Нет, Уваншпта не страшился быть сожженным на медленном огне, его, бедолагу, убило испепеление Майятити; ведь откуда же было знать несчастному, что «рукописи не горят», как это сказал много времени спустя один великий бумажных дел мастер. Если не верите, можете, чтоб убедиться воочию, взять в руки книгу «Повесть Петеисе III», выпущенную в тысяча девятьсот семьдесят восьмом году издательством «Художественная литература», и, открыв ее на двести девятнадцатой странице, лично познакомиться с мыслями Хахапер-расенеба, которого в семейном кругу ласкательно называли Уваншпта: «О, если бы найти мне изречения неведомые, мысли необычные, слова новые, незнаемые, к которым не прибегали доныне, не схожие с теми, что произносили некогда предки! Я избавил бы тогда утробу свою от всего, чем полна она, освободился бы от слов, что говорили когда-то, ибо это лишь повторение реченного. Сказанное – уже сказано, и нечего похваляться последующим поколениям речами предков своих...

О, хоть бы ведал я нечто такое, чего не знают другие, что никогда еще не исходило из уст. Вымолвил бы я это и ответил бы сердцу своему. Рассказал бы я о страдании своем и облегчил бы от бремени его спину свою! Избавился бы я от слов, тяготящих меня, поведав сердцу тревогу свою, и ощутил бы я облегчение».

Вот так писал многократно упоминавшийся выше когдатошний Уваншпта тридцать девять веков назад, и мы читаем его по сей день, а вот его повелитель, какой-то там великий из великих фараон, увы, подкачал, не оказавшись вовеки здравым, невредимым и цветущим.

7

В благодатном старинном – времен детства – дворе трехэтажного дома стояло одинокое дерево, бук. Веснами на нем как-то очень неприметно проклевывались и распускались листочки; и в дождь он стоял себе тихо, и летний зной сносил терпеливо и спокойно; по осени же всякий раз как-то сам по себе оголялся, а по зимам вы бы его, по-сиротски отчужденного, и вовсе не приметили... Но Вано чем дальше, тем все больше привязывался вот именно к этому одинокому дворовому дереву; он любил этот бук больше всех других растений – какой-то уж очень он был надежный, ему всегда можно было довериться.

Впервые он нашел для себя этот дворовый бук и ощутил его как нечто родное, когда из дому ушел отец; мать к тому времени была уже замужем за другим, и у Вано осталась одна только тетя. Это была прекрасная женщина старого поколения; действительно, врач по призванию, истинная целительница; незамужняя, она, однако, вела всегда скромный и порядочный образ жизни и только все непременно хлопотала вокруг Вано, потому что от всей души любила этого брошенного ребенка. Раньше они жили рядом, но она велела рабочим разобрать толстую стену. Зарабатывала тетя прилично, и жить они жили вроде бы неплохо, помогал и отец, но какая помощь способна утешить печаль покинутого ребенка... Стесняясь тети, Вано таил свое горе в себе, и только по воскресеньям наставал для него праздник: отец с утра брал его из дому, который ему осточертел, водил по тирам, аттракционам, то и дело клал ему на голову руку.

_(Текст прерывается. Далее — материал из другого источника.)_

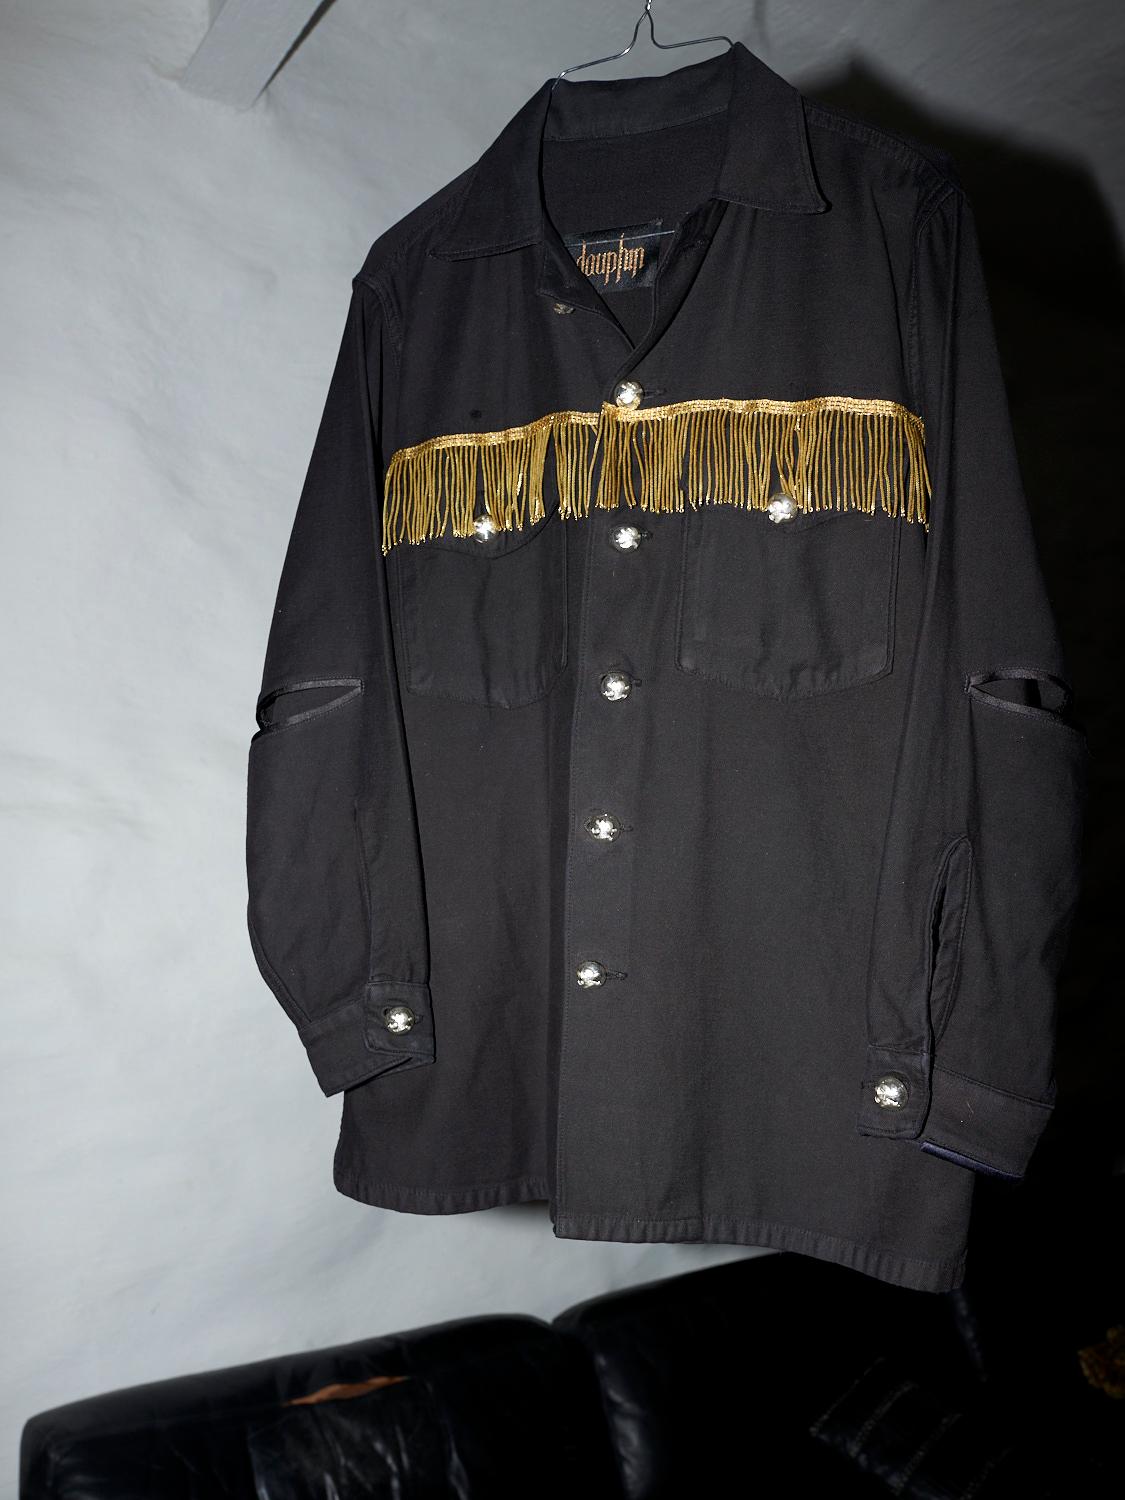 Embellished Fringe Jacket Black Silver Buttons Military Shirt J Dauphin 5

Затем их ждал обед из многих разных блюд в ресторане – странно, отец любил плотно, обильно покушать, но вместе с тем имел утонченный вкус. Он ел так аппетитно, что заражал своим аппетитом и Вано. А дальше, пожелай мальчик пойти в кино, в цирк, в театр или покататься на бывшей еще тогда редкостью машине, – пожалуйста, все было к его услугам; но с наступлением сумерек отец подводил его к калитке, крепко целовал в обе щеки и, легонько, ласково подтолкнув в плечо, уходил, а Вано, так же как это было в первый день по уходе отца, шел с подступавшими к глазам слезами к дворовому буку и, крепко обхватив его руками, попеременно прикладывался к его прохладной, грубой коре только что целованными щеками, как бы впитывая в себя исходящие от этого бессловесного друга выносливость, мужество, стойкость, что-то успокоительное и ободряющее; пареньку было восемь лет.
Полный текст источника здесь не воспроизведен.